Justyna. (Na stronie). Zlituj się, o wielki Boże!
Ciężkie moje położenie.
Lizander. (Do Flora). Mów, czy jakie masz zlecenie?
Florus. (Na stronie). Jak z téj biedy się wybawię?
Lelius. (W głębi do siebie). Florus w domu jéj przebywa!
I swobodny jak u siebie.
To nie sen, to już prawdziwa!
Lizander. (Do Flora). Bladość lice twe pokrywa;
Cóż tak nagle wzrusza ciebie?
Florus.
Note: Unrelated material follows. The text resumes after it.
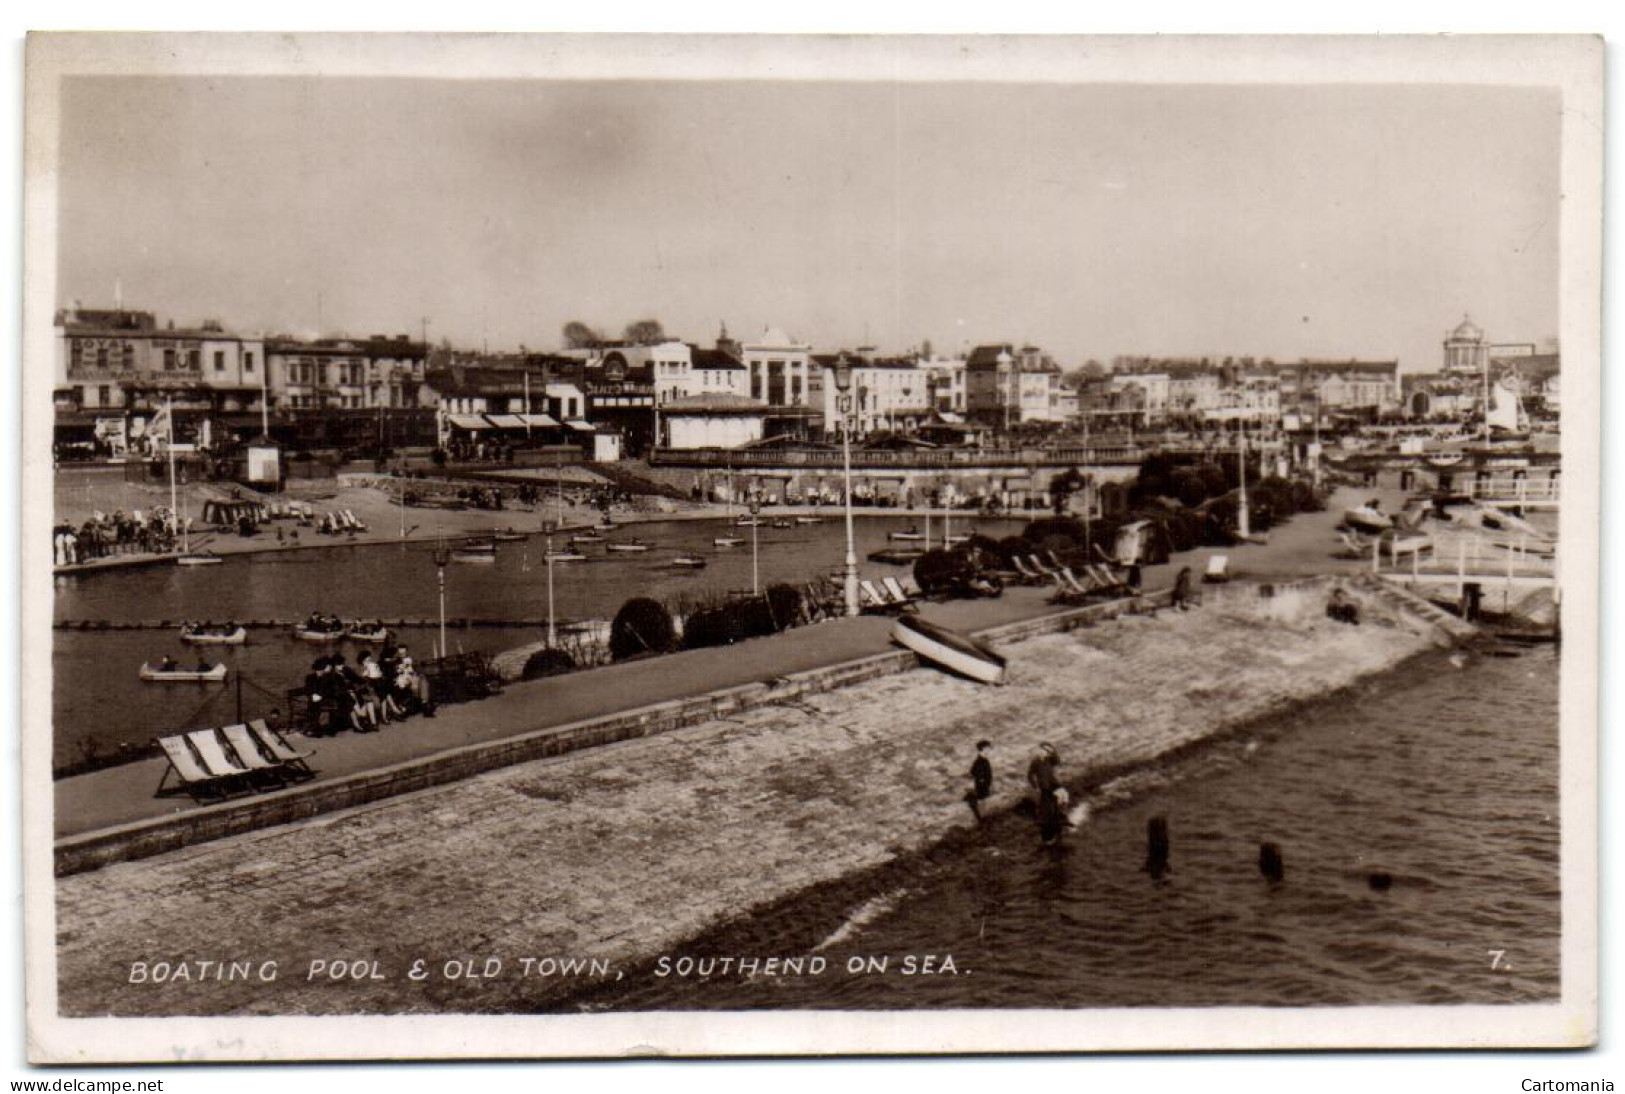 Boating Pool & Old Towns - Southend On Sea - Southend, Westcliff & Leigh

Niechaj to cię nie przeraża,
Tylko przyjmij moje rady:
Wróg tajemny ci zagraża,
A więc strzeż się jego zdrady,
Bo on czyha na twe życie:
Więcéj już się nie dowiecie.
Lizander. (Na stronie). Widać jemu jest wiadomo,
Żem wyznawcą świętéj wiary;
Więc ostrzega mię kryjomo,
Jakie rządca ma zamiary.

(Głośno)

Powiedz wszystko, i cóż daléj?

SCENA XV.
CIŻ SAMI i LIBIA.

Libia. (Do Lizandra) Rządca kraju jest u bramy,
I na ciebie oczekuje.
Florus. (Do Lizandra). Jeszcze będziem rozmawiali;
Czekam.
Lizander. Szczerze ci dziękuję,
Bo dość jeszcze mówić mamy.

(Odchodzi).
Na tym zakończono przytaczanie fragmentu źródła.